It has been over two months since I brought home forty pounds of cherries to make into wine. I washed, pitted and stemmed them all, mixed them with sugar and yeast (and a few other things) and set them in a fermenting bucket for a week. After that I strained the mix into my glass carboy where it continued to ferment for a month. Once the bubbling slowed way down, I mixed a little more sugar into the batch and then racked it into another carboy where it could finish fermenting over the next month. Finally the time had come to bottle the wine. The fermentation had been stopped for well over three weeks and the wine looked dark and clear in the carboy.
The final step was bottling the wine. The actual bottling isn't very hard - just siphon wine out of carboy and into bottles and cork and done. Its the work that takes place before this part that is most important. I make sure that every bottle is clean inside by washing them in hot soapy water and rinse them out well. Then I pour boiling water into each bottle to do a final sterilization before adding the wine.
This wine is a beautiful ruby color and is very fragrant and sweet.
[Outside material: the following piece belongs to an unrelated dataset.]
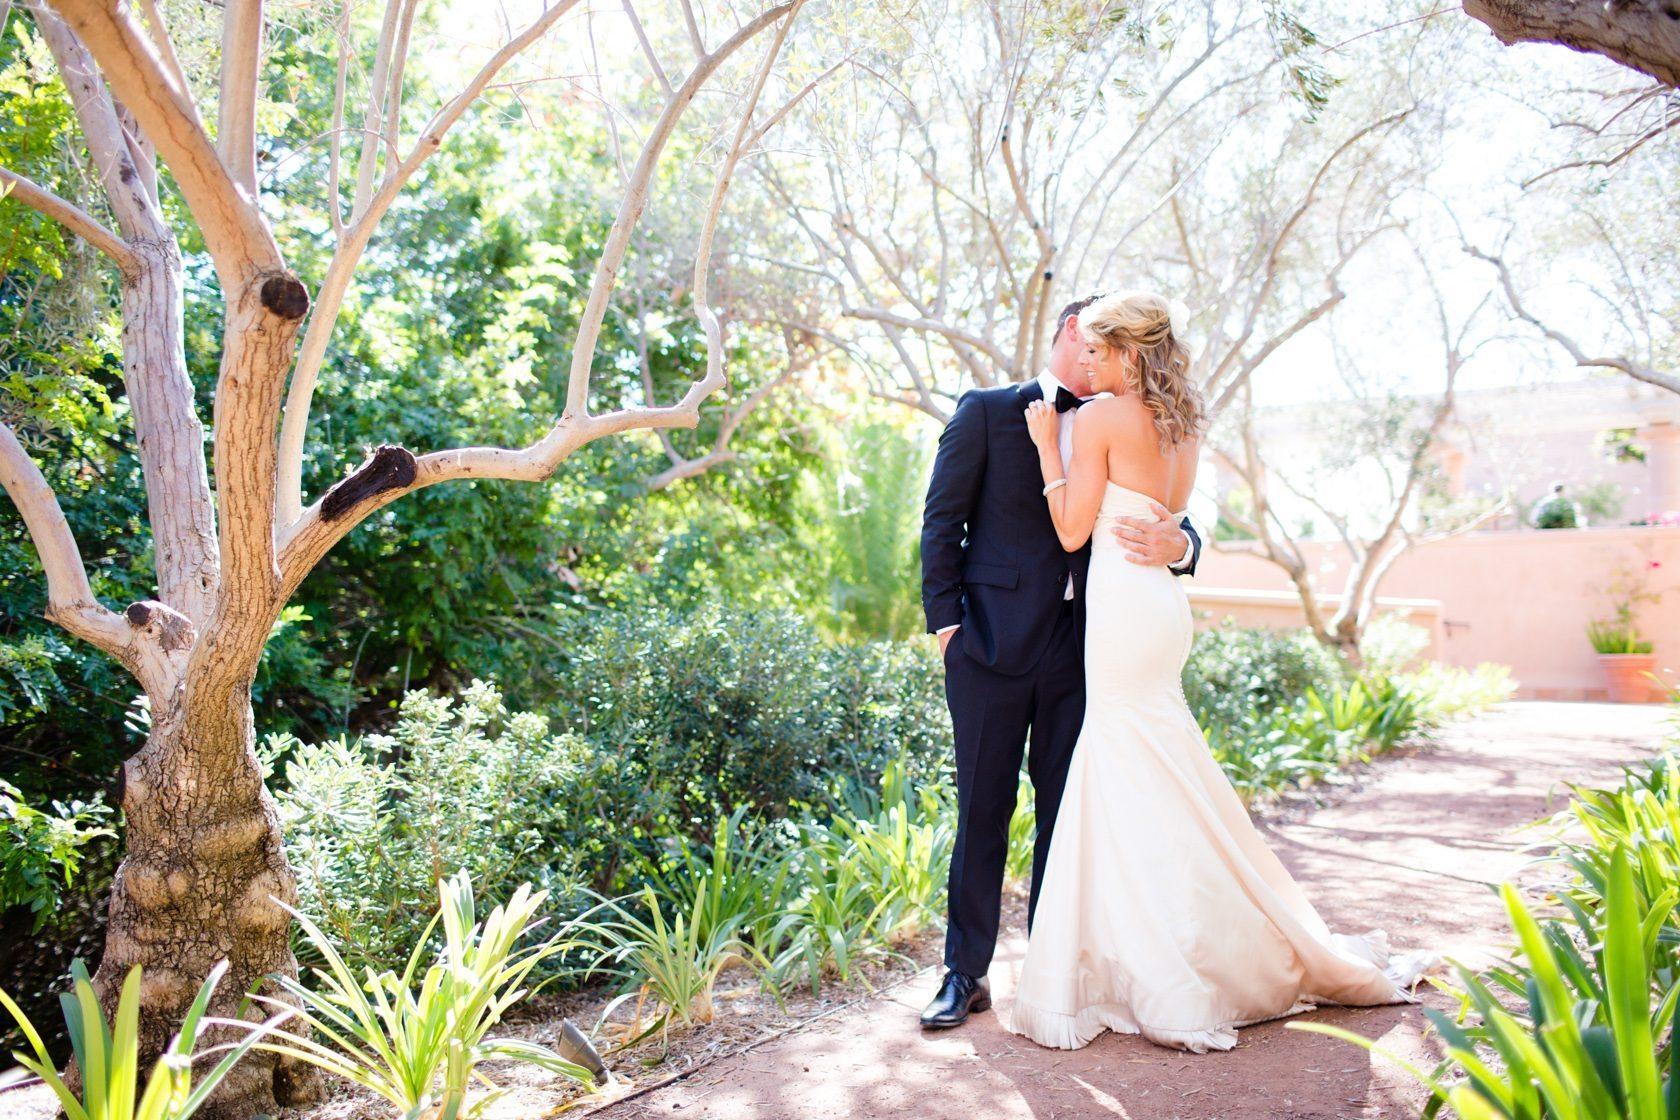 Rancho_Valencia_Resort_Wedding_028-1680x1120.jpg

It already has good flavor and that should only improve with time.
In total I ended up with twenty-nine full bottles of sweet cherry wine. Twelve of them will be going to pay back the two investors that gave me money up front to pay for the cherries. The rest will be stored in a cool dark place where they can continue to age until I get around to sharing them with friends. In all the cost of the wine was around $115 for the cherries and sugar which comes out to just under $4 a bottle.....not necessarily cheaper than the cheapest wine you can buy, but infinitely better. Cheers!